Здесь уместно заметить, что мысли о необходимости биологической революции в физиологии вообще и в физиологии нервной системы в частности были впервые внятно высказаны в нашей стране. Об этом даже у нас мало кто сейчас помнит. А между тем на основании этих мыслей были сформулированы исследовательские задачи, оказавшиеся весьма плодотворными. Тех, кому это интересно, отсылаю к недавно вышедшей книге*, в которой уделено специальное внимание вопросу о том, кем и когда началось сознательное преодоление небиологизма нейрофизиологии; этот вопрос рассмотрен в нашей книге главным образом в аспекте химических механизмов нервной деятельности.

В книге Шеперда преимущественное внимание уделено другому аспекту - цитофизиологическому. Его 'Нейробиология' - это в действительности не вполне та междисциплинарная область науки, которую создала общность предмета исследования (мозг) и идейного подхода (биологизм). Шеперд трактует слово 'нейробиология' несколько суженно - так, как это делал покойный С. Куффлер, один из авторов переведённой на русский язык книги 'От нейрона к мозгу' (Мир, 1979). Деятельность мозга во всех её проявлениях, включая самые сложные, рассматривается при таком подходе как производное мембранных физиологических механизмов, присущих нейрону. Шеперд делает эту куффлеровскую мысль более биологичной, показывая, что у нейрона нет таких физиологических механизмов, какие нельзя было бы найти у других клеток. Кроме того, биологичен и отнюдь не традиционен для учебных текстов, посвящённых нервной системе, интерес Шеперда к данным сравнительной физиологии. Он справедливо расценивает эти данные как источник общефизиологических, общенейробиологических знаний.

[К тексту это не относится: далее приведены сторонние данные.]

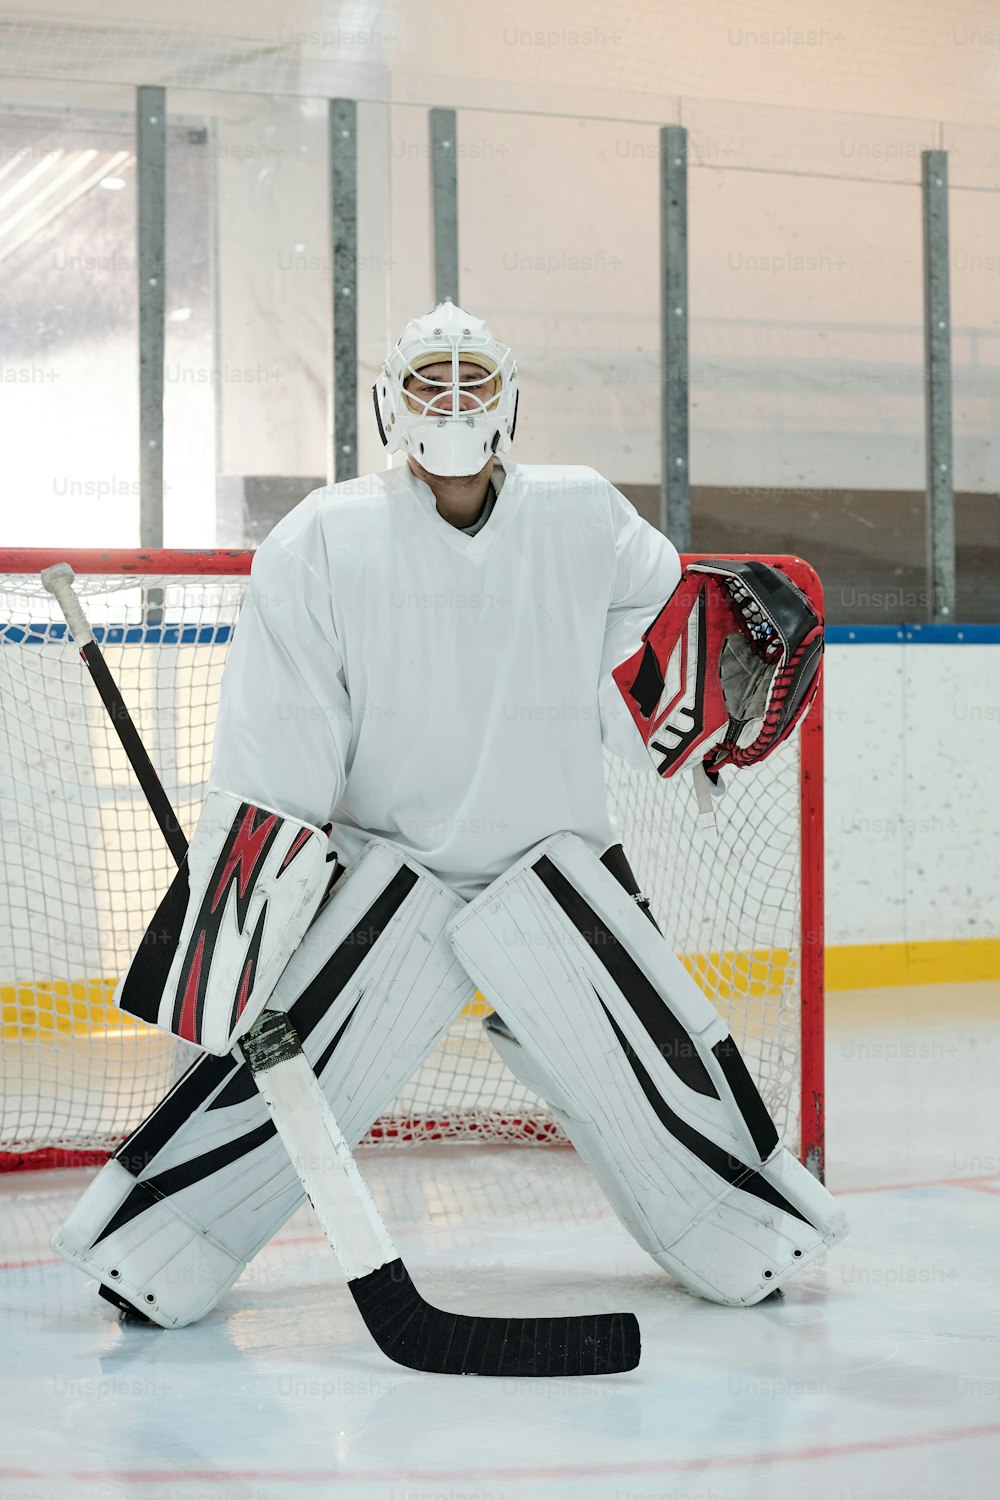 Contemporary hockey player in sports uniform, protective helmet and gloves holding stick while standing on rink against net and waiting for puck

Нейрогенетика, нейрохимия, молекулярная нейробиология и некоторые другие важные дисциплины нейробиологического цикла совсем не представлены в руководстве Шеперда. Но и при этих ограничениях оно охватывает очень широкий круг вопросов.

Но мы отвлеклись от главного - от разговора о необходимости нового мышления в науке о мозге. Выше было сказано, что книга Шеперда во многом способствует преодолению старых стереотипов. Продолжим эту важную тему.

Обратимся к нейронной доктрине, одному из основополагающих обобщений современной науки о мозге. Ещё недавно мы все рассматривали её как крупное завоевание. Она и была завоеванием в сравнении с ретикуляризмом, который отрицал клеточное строение нервной системы. Но нейронная доктрина - это не просто признание того, что нервная система построена из клеток, это прежде всего некоторая наполненная конкретным содержанием теория, позволяющая связать общие априорные представления об устройстве и способе функционирования нервной системы с представлением о клеточном строении животных тканей.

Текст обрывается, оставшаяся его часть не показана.